Data shown:

---*---

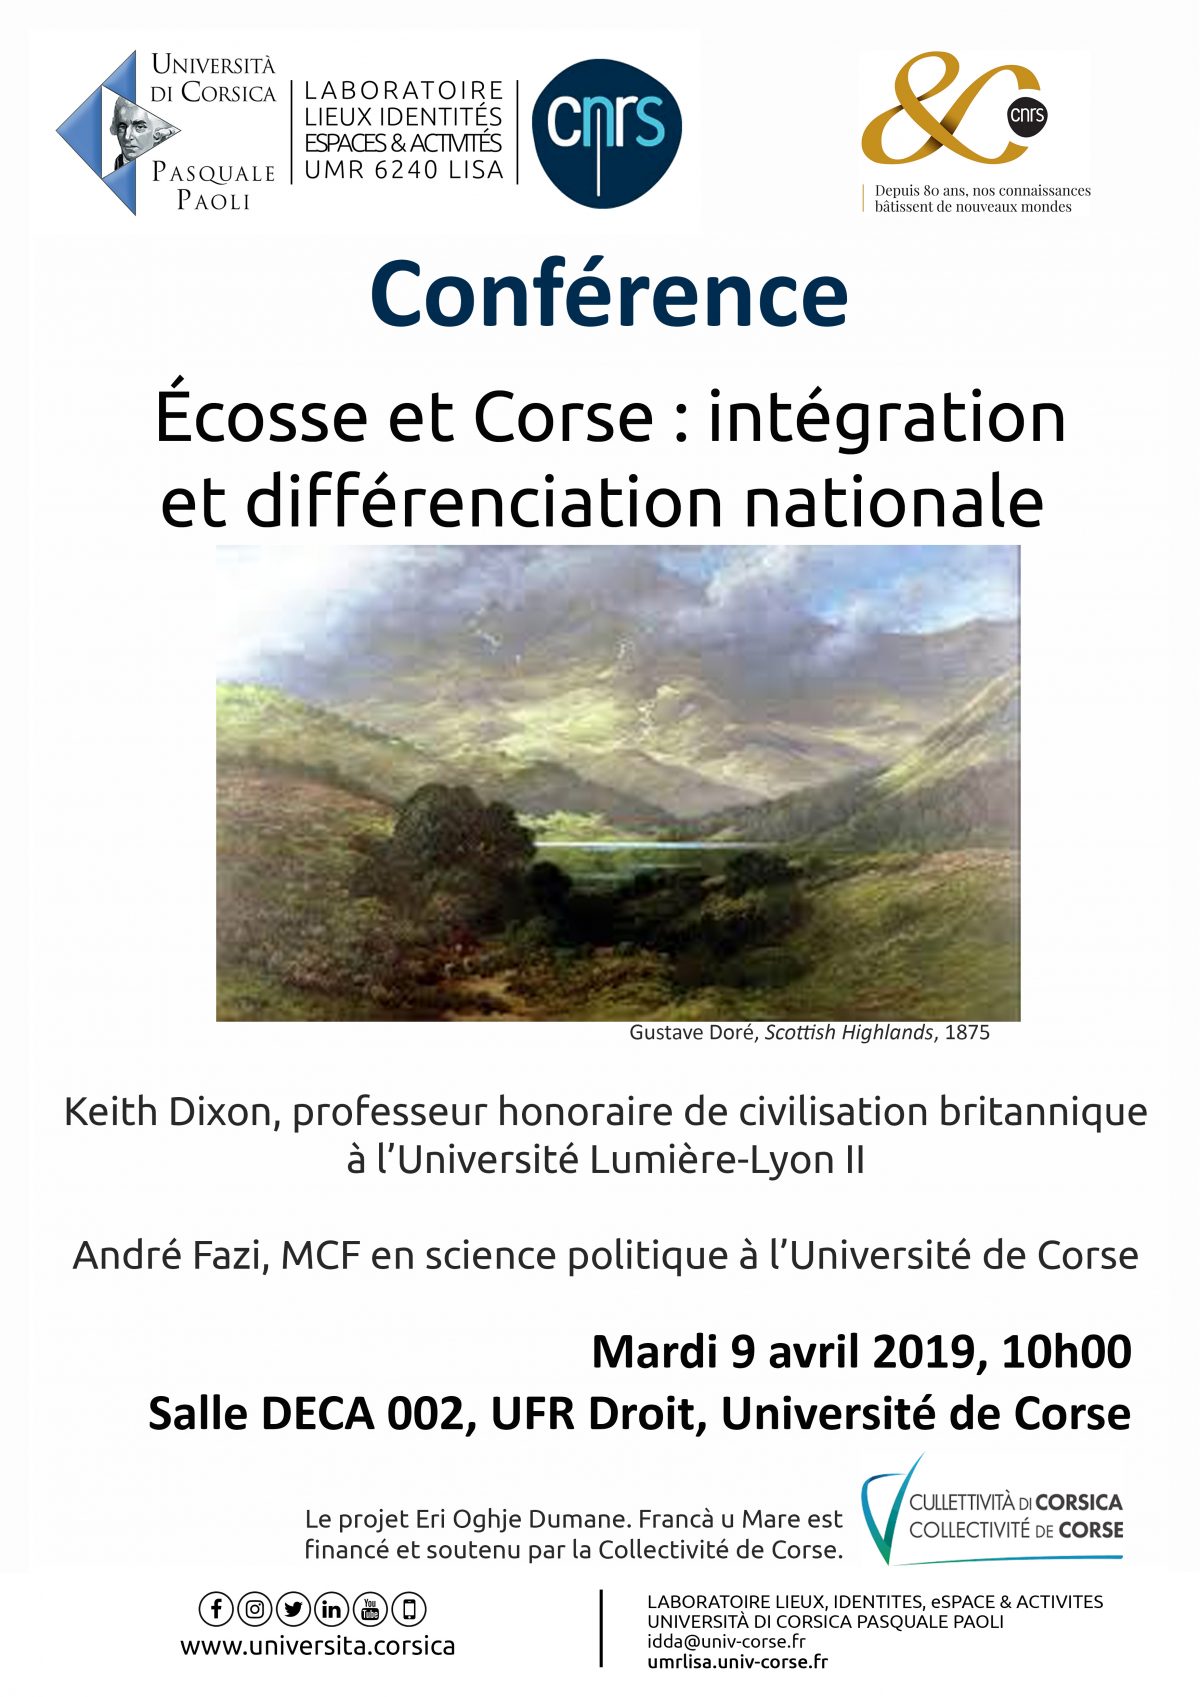 Conférence « Ecosse et Corse : intégration et différenciation nationale »
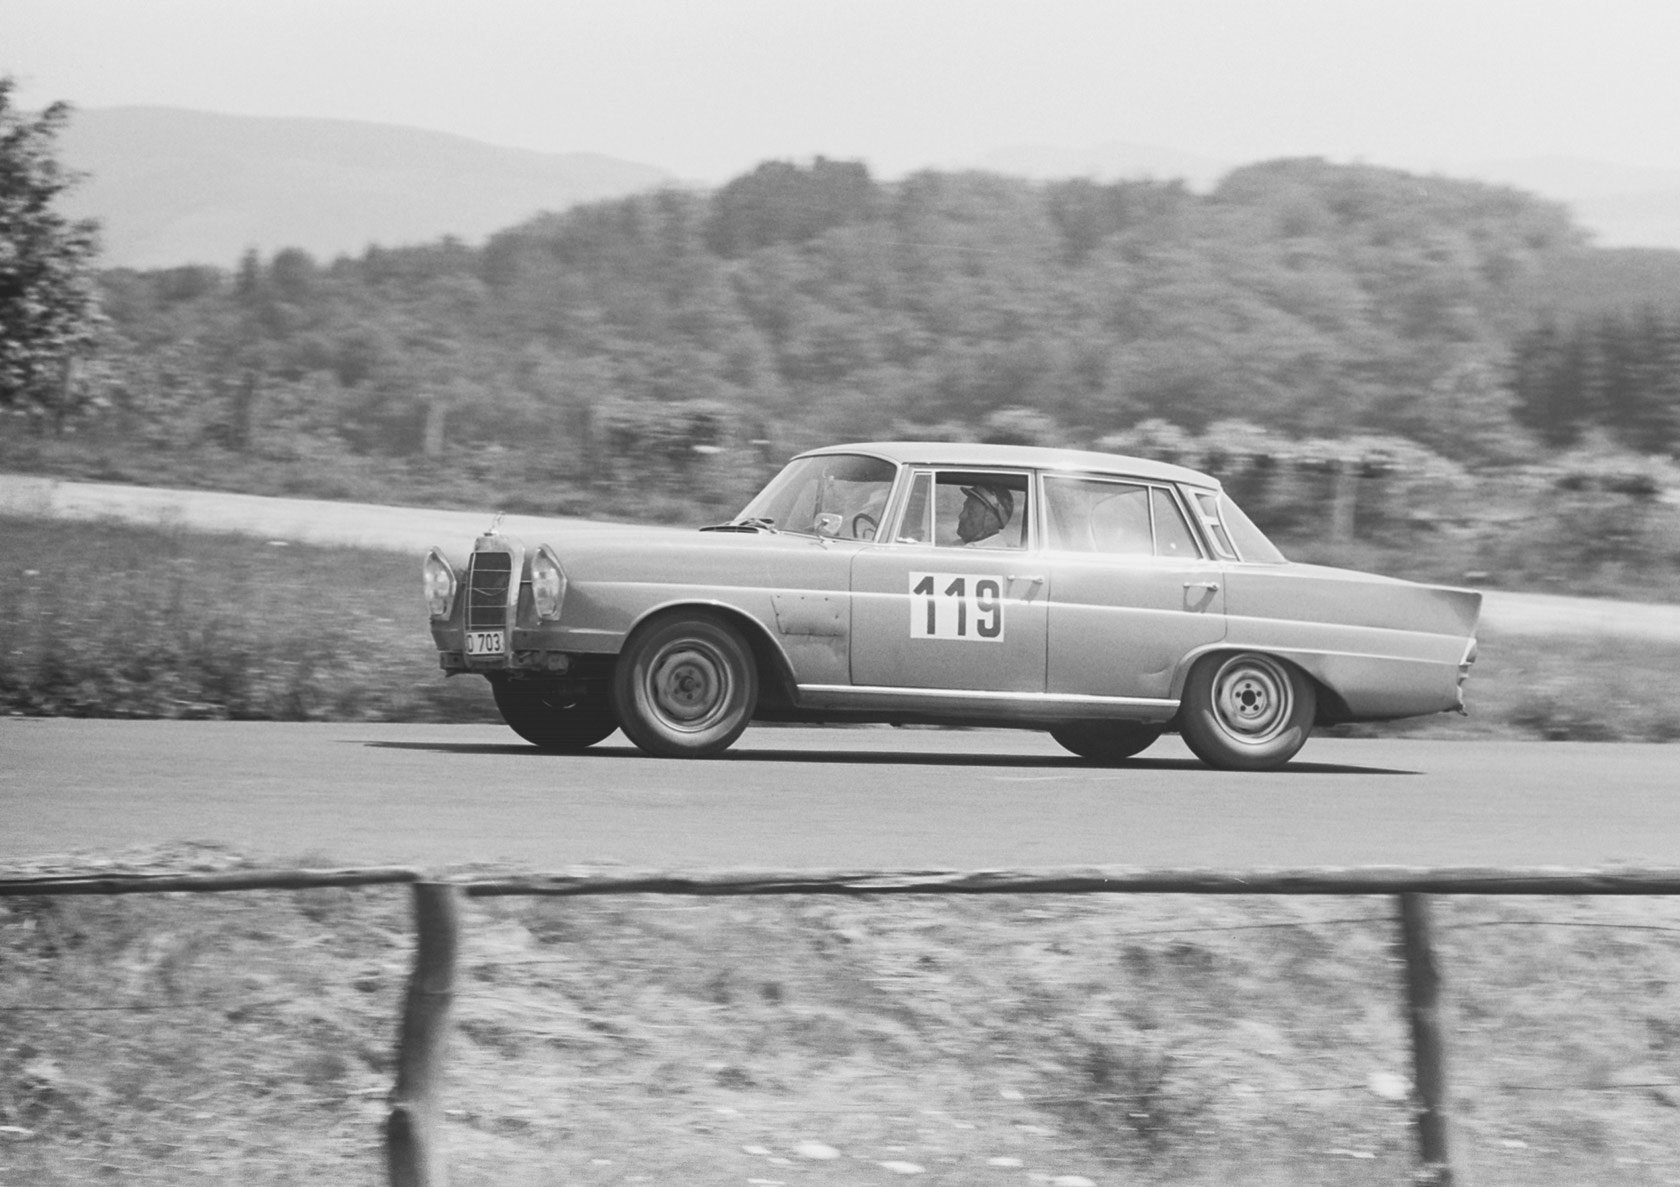 Internationales ADAC 6-Stunden-Tourenwagen-Rennen auf dem Nürburgring 1963. Es war der erste Lauf zur European Touring Car Challenge (ETCC)
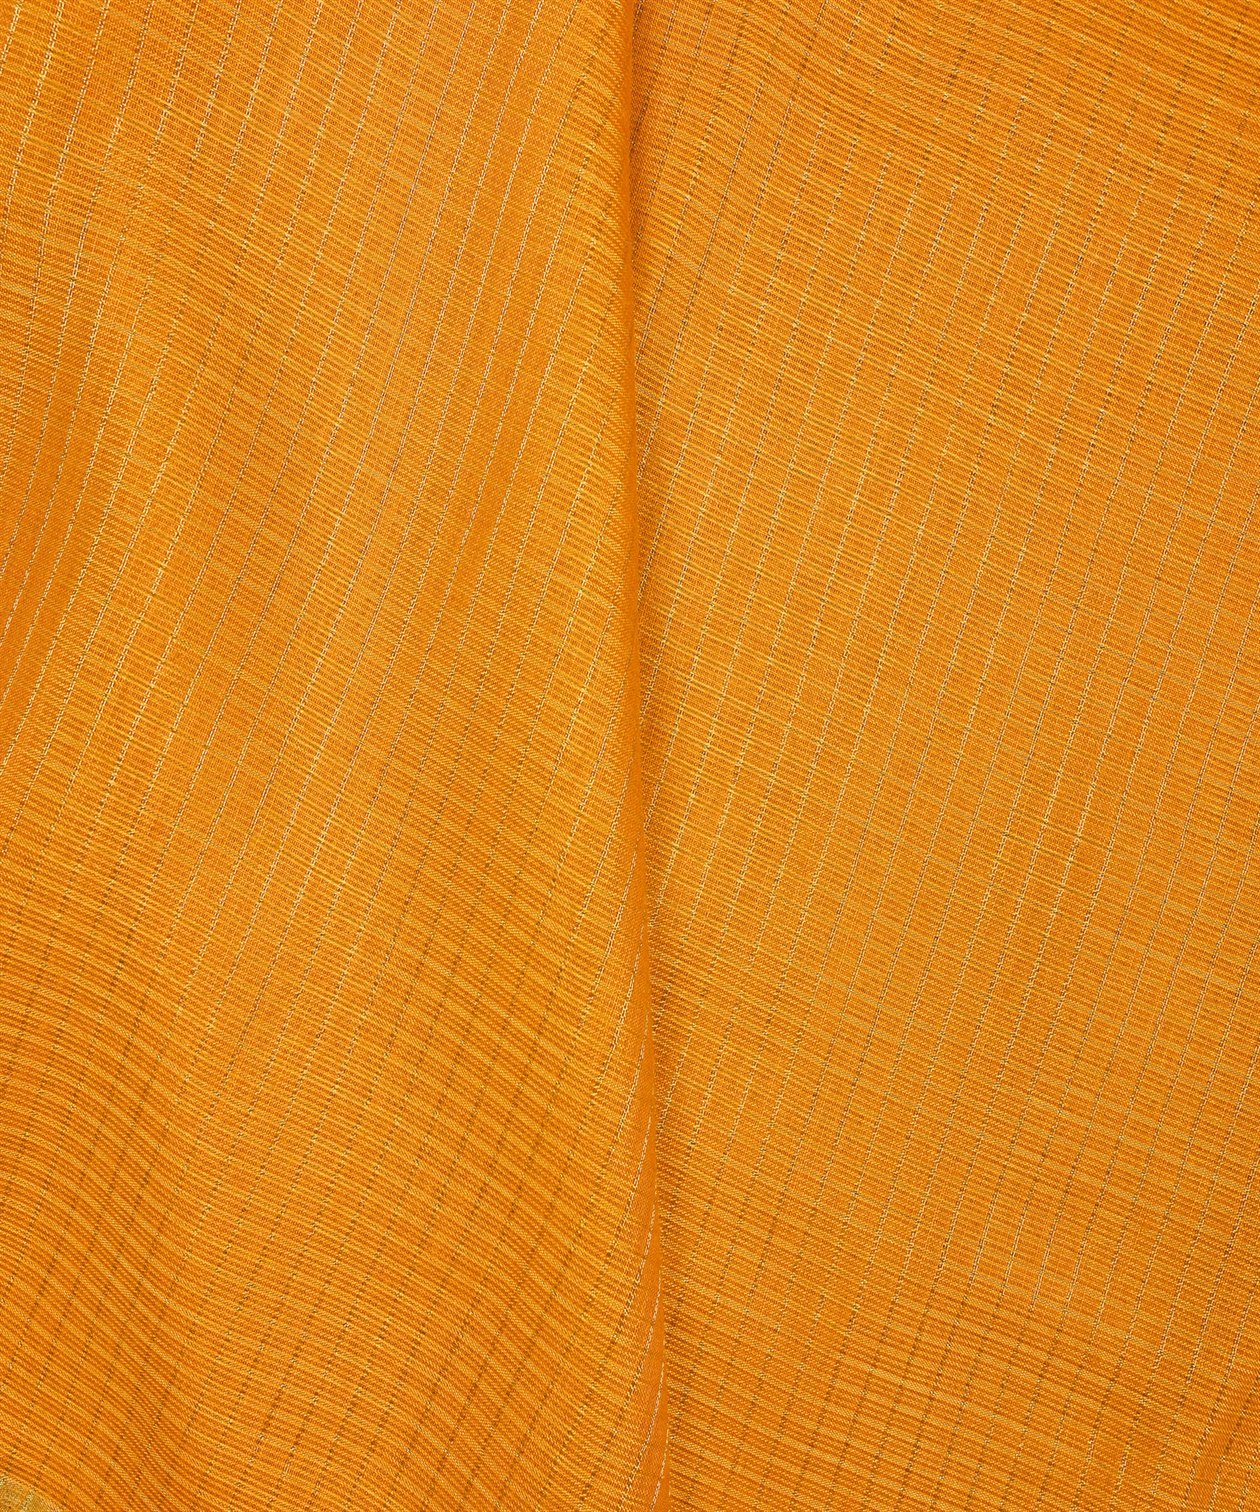 Mustard Yellow Kota fabric with Zari Checks

---*---

What needs to be done:
Your copy of the listing should match it exactly, apart from the pictures, which are left out.

Solved exercise:
 Conférence « Ecosse et Corse : intégration et différenciation nationale »
 Internationales ADAC 6-Stunden-Tourenwagen-Rennen auf dem Nürburgring 1963. Es war der erste Lauf zur European Touring Car Challenge (ETCC)
 Mustard Yellow Kota fabric with Zari Checks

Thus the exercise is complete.